# Who are we??!!



## ctyank (Oct 23, 2006)

I need some help with some positive IDs. The lily or spatterdock plant came unlabelled from an auction in Atlanta (AAAA) several years ago. I have now spread it around my friends at the Raleigh Aquarium Society. However, it is embarrassing to not be able to name it. The Ludwigia I think is Ovalis, but it has opposite leaves AND alternate leaves.


----------



## Zapins (Jul 28, 2004)

Moved your thread to the plant ID forum.

I think its Ludwigia palustris (water primrose) not ovalis which has rounder leaves. Though it's sometimes difficult to tell with Ludwigias since they hybridize easily.

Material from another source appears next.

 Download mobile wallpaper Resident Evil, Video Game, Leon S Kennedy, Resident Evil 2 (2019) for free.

And I believe the green one is Nymphoides aquatica (banana plant). It will sometimes sprout green tuber like growths just above the soil line that look like green bananas.

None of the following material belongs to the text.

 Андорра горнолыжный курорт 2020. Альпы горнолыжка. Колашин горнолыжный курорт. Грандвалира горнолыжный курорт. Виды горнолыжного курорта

Looks like they are growing really well!

In the future check out the plantfinder on our site. It has most plants listed along with pictures above and below water and information on how to grow them as well as where they originally came from. It isn't finished yet though so not every plant is there. It is located in the blue bar at the top of the page.

Here is the link to it:
http://www.aquaticplantcentral.com/forumapc/plantfinder/all.php


----------



## Cavan Allen (Jul 22, 2004)

That looks like _Nymphoides_ sp. 'Taiwan'.

The _Ludwigia_ is the 'Rubin', which is possibly a hybrid, the alternate or opposite leaves being a key sign of that.


----------



## Zapins (Jul 28, 2004)

Neat. I haven't seen rubin before. I hope you spread it to the rest of the forum when you grow it out  (and get 25 posts!).

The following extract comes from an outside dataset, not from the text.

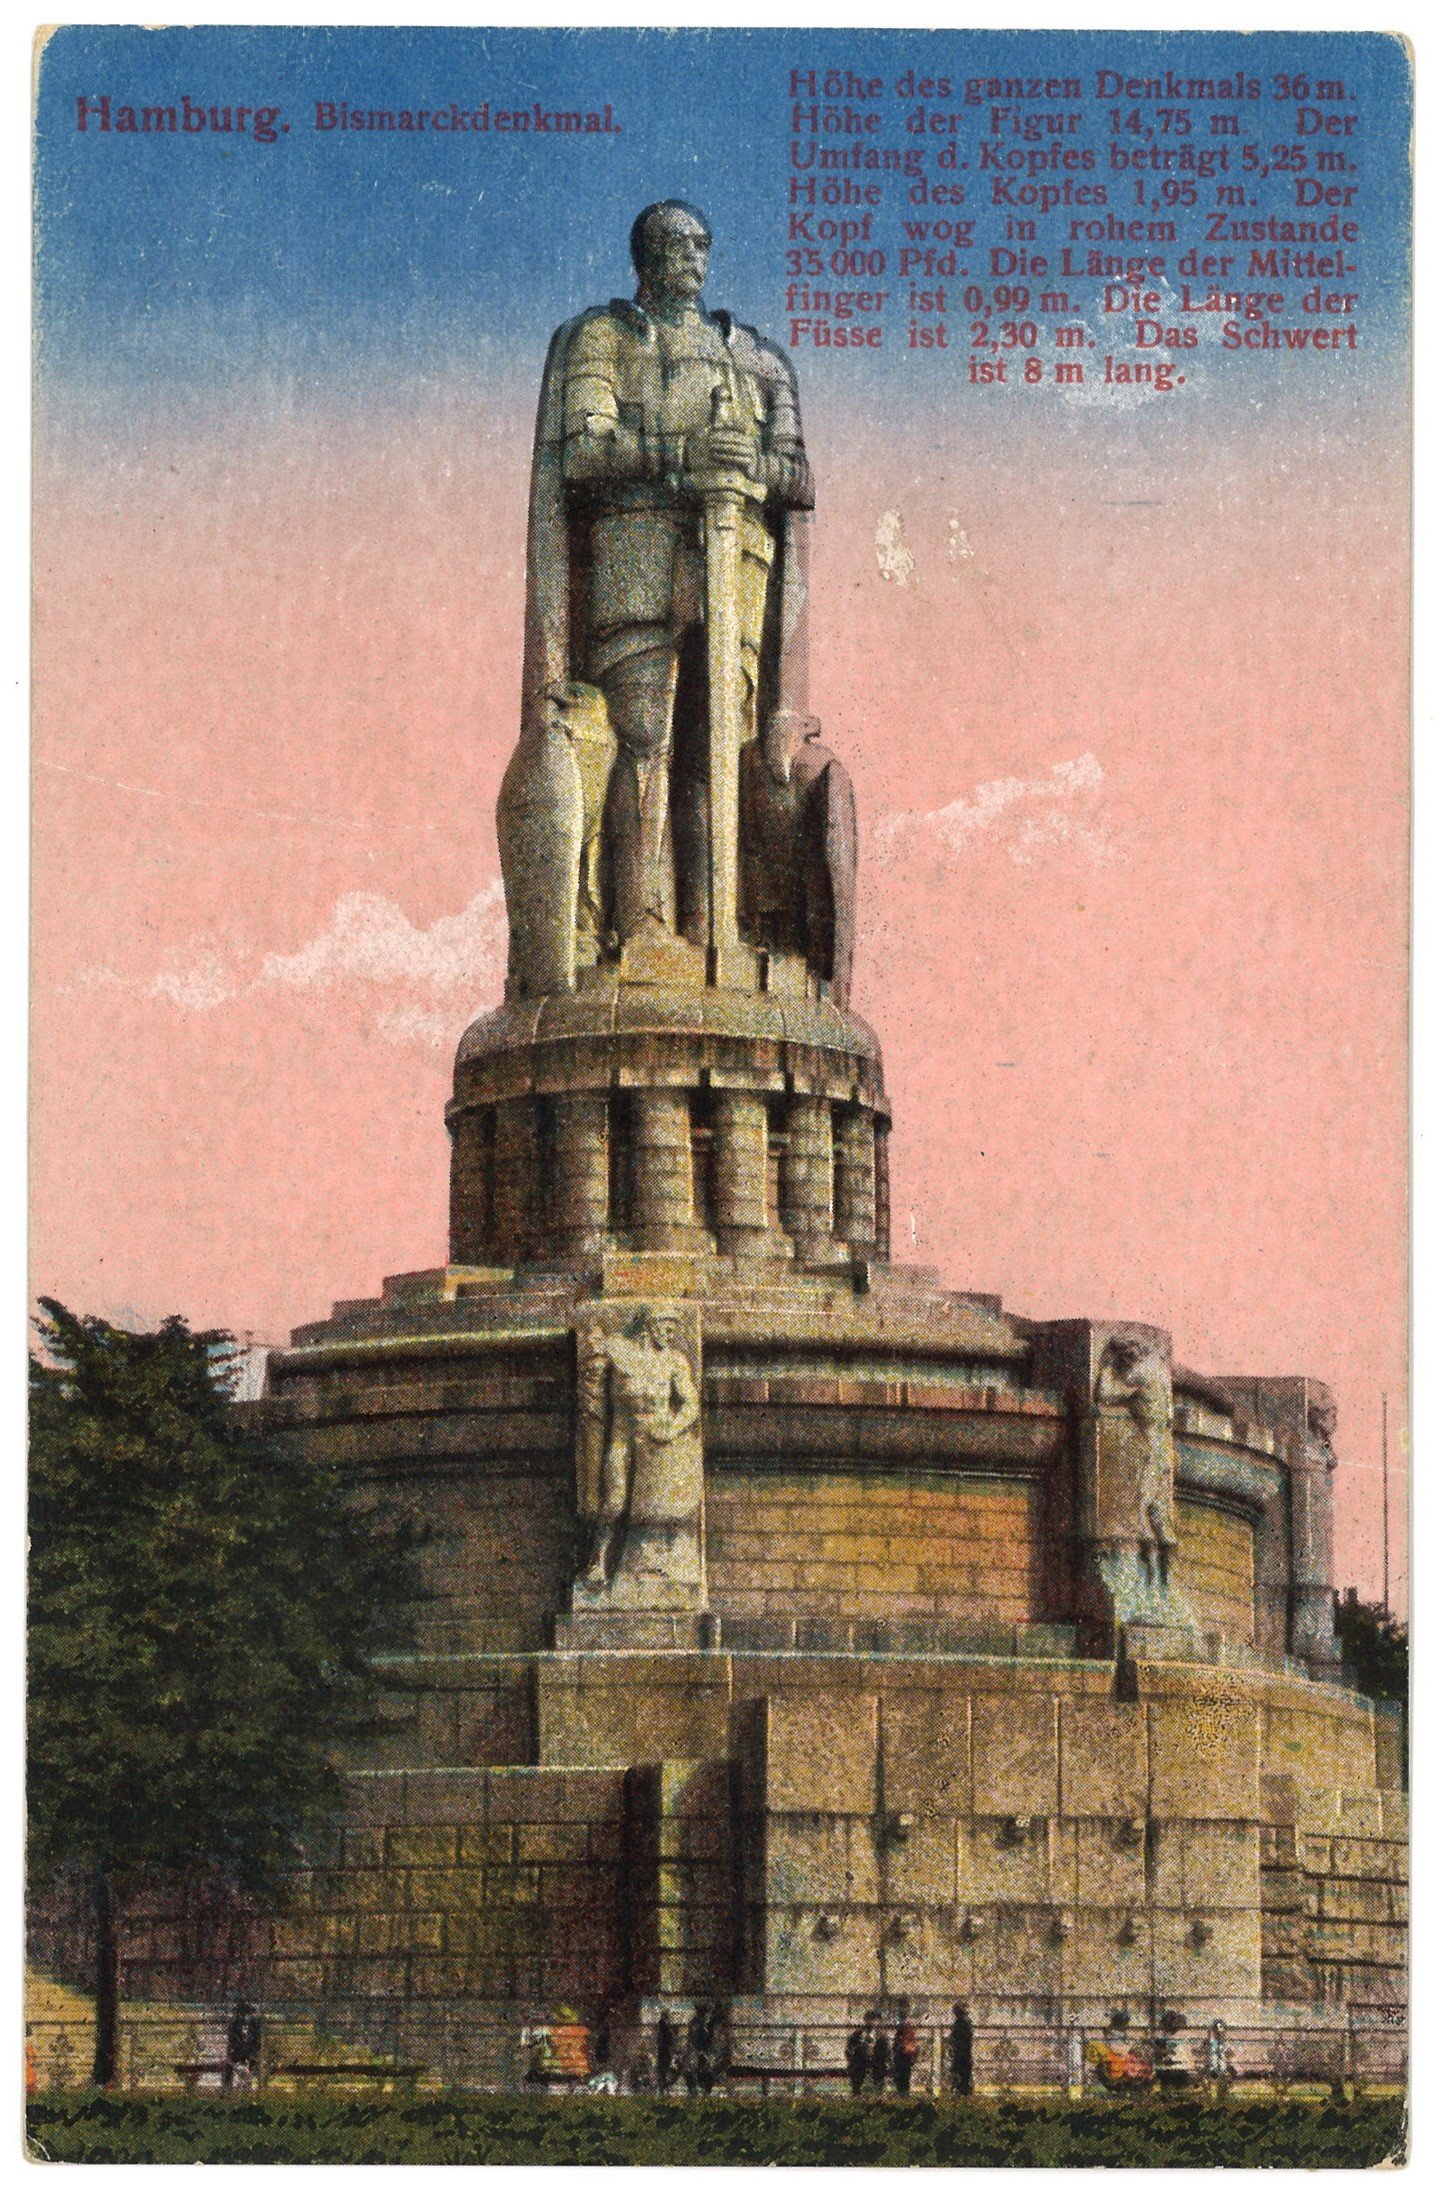 Hamburg: Bismarckdenkmal (Landesgeschichtliche Vereinigung für die Mark Brandenburg e.V. CC BY)

I was quite impressed with the way it keeps its redness even shaded under the Nymphoides in the first picture.


----------



## ctyank (Oct 23, 2006)

Awesome! Nymphoides sp. Taiwan looks exactly correct (as I look at images online). And ludwigia sp. Rubin, huh. Ok, coolio.

The L. Rubin is very red when not shaded. The color in the 3rd pic is not exaggerated at all.

Thanks for the help guys!


----------